I’m having problems using two intermediate layers to correct interpolated forms for a particular glyph.

I have a typeface with 3 axes – weight, width, italic, and for each axis there are 3 masters – one at each extreme, and one in the middle. I don’t like the look of the regular and bold semi-condensed interpolations, #1 and #4.

#1 and #4 are simple interpolations at this semi-condensed spot on the width axis. I want #2 and #5 instead, so I presume I would need to add each of these to a new intermediate layer.
When this character has only one intermediate layer containing #2, it makes sense that #2 and #4 are rendered. When this character has only one intermediate layer containing #5, it makes sense that #1 and #5 are rendered.

My problem: When this character has both intermediate layers, #2 and #5, what gets rendered is #2 and #6. Where does #6 come from, considering I specifically defined #5?

Many thanks for your help.


Can you post a screenshot of your path construction in the masters as well as the interpolations?
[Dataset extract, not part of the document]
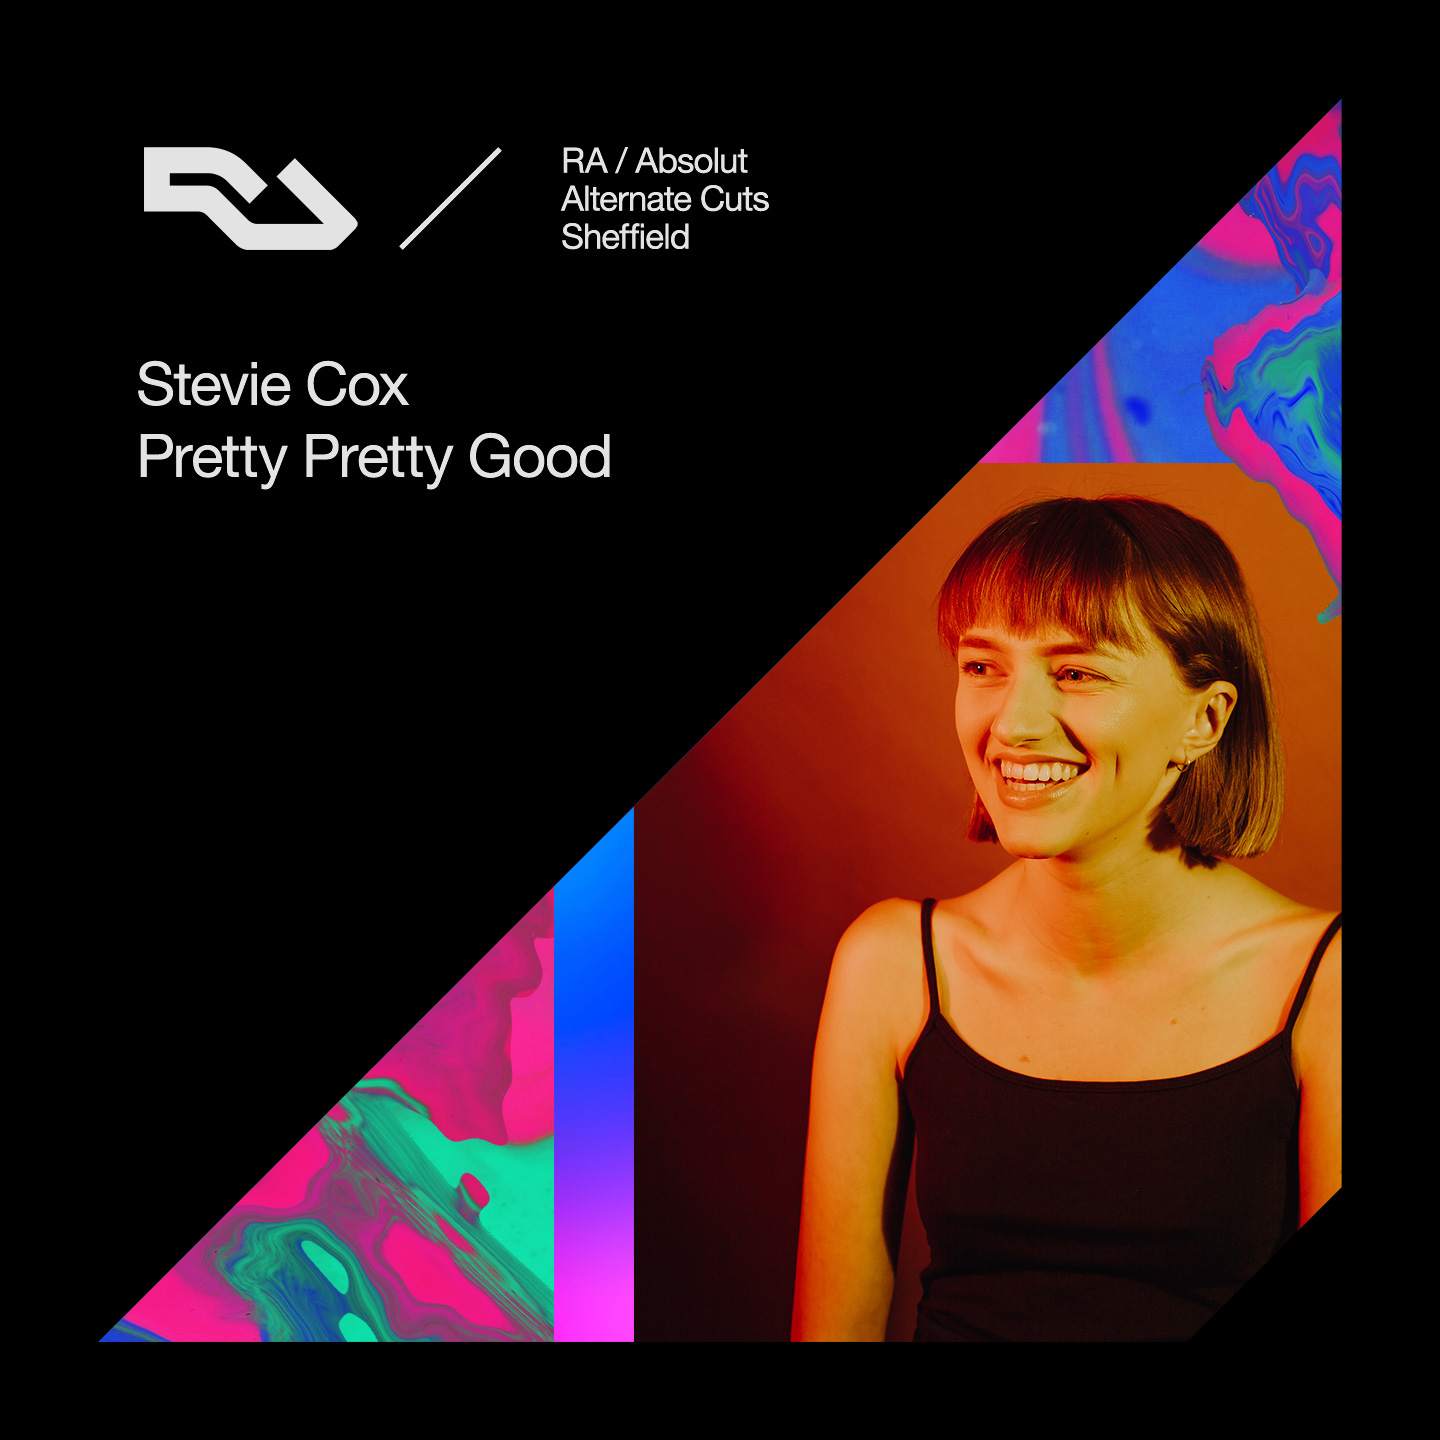 Listen to a mix from Stevie Cox of Pretty Pretty Good image

What are the axis coordinates of your masters and of your intermediate layers?

Hi Sebastian,
The masters here are (weight/width/italic):
71/200/20, 71/600/20, 180/200/20, 180/600/20.

The intermediates I defined are {71, 400, 20} and {180, 400, 20}.
The straight interpolations look like this:

Interesting how the first points of each master here are off-curve points…

That should be 128, shouldn’t it?

Argh, good catch. Post updated, thanks.

To go a little off topic (no idea on it after your fix), may I ask out of curiosity what do you do in upright about the points which are on the vertical extremes in italic? I believe the optimal compromise to make condensed+normal to go variable italic is to not add any extremes and just let it slant. There’s a slight chance you won’t need the extra layers in that case.

The vertical extreme points in the upright remain, but aren’t extremes. You’re right about leaving out the extremes; the forms look ok. I’m thinking more here about proper PS hinting for static and variable fonts.

Can you post the coordinates of all masters (including the uprights).

And I don’t really understand the problem (your abbreviations are a bit confusing).

Hi Georg,
I re-worded my posts above.
Would it be easier to send you a Glyphs file?

Pulling off those extra points without kinks seems like quite a lot of work, but then you don’t get PS hinting in variable fonts anyway, and for OTFs there’s CP filter that adds extremes on export. And after all, hinting is only useful if the font is intended for small sizes, which at that narrow width is probably not the case :slight_smile:

My goal is to manually hint the fonts, so adding extremes on export won’t work.
The regular widths can benefit from good instructions. And when it comes to viewing PDFs, all styles can benefit. :slightly_smiling_face:

You are planning to manually hint a font? An italic font?


Because in the vast majority of cases going through the hints manually gives me superior results to an app’s autohint. Italics, despite being used less often, deserve the same attention to rendering as uprights.

Where are you experiencing issues with autohint? How much have you dug into tuning the ttfAutohint instructions?

I’m still not getting it. Can you send me that file (send it by email to support at this domain)?

Let’s say for now I want to make static otfs. Glyph’s autohint will occasionally over- or under-hint, so I’ll need to make corrections.

Will do, thanks.

Can you give some examples where you don’t like the autohinting?

Here are a few. L is manually hinted, R is autohinted.

Defined stems:

What I correct are the ghost hints on the serifs (all characters), the bad stem guesses (E and Y), and the double-hints (T and 5). Experience tells me these would otherwise render too dark.

If I add extremes on export and autohint, my corrections need to be done in the instances. Not only is that likely a lot of work, but re-exporting fonts puts that correction work in the trash.

I’d rather have in the Glyphs file points where I define them, and optimized hints based on those points.

I’ll look into this. Thanks for the examples (could you send those glyphs for testing?).

I would recommend to use less stems. The idea is to unify the width of stems ad if you add to manny, you will end up with different width.

And I wouldn’t hint the top and bottom of the vertical serifs.

But the most important, only do anything without testing in an environment that renders postscript hints.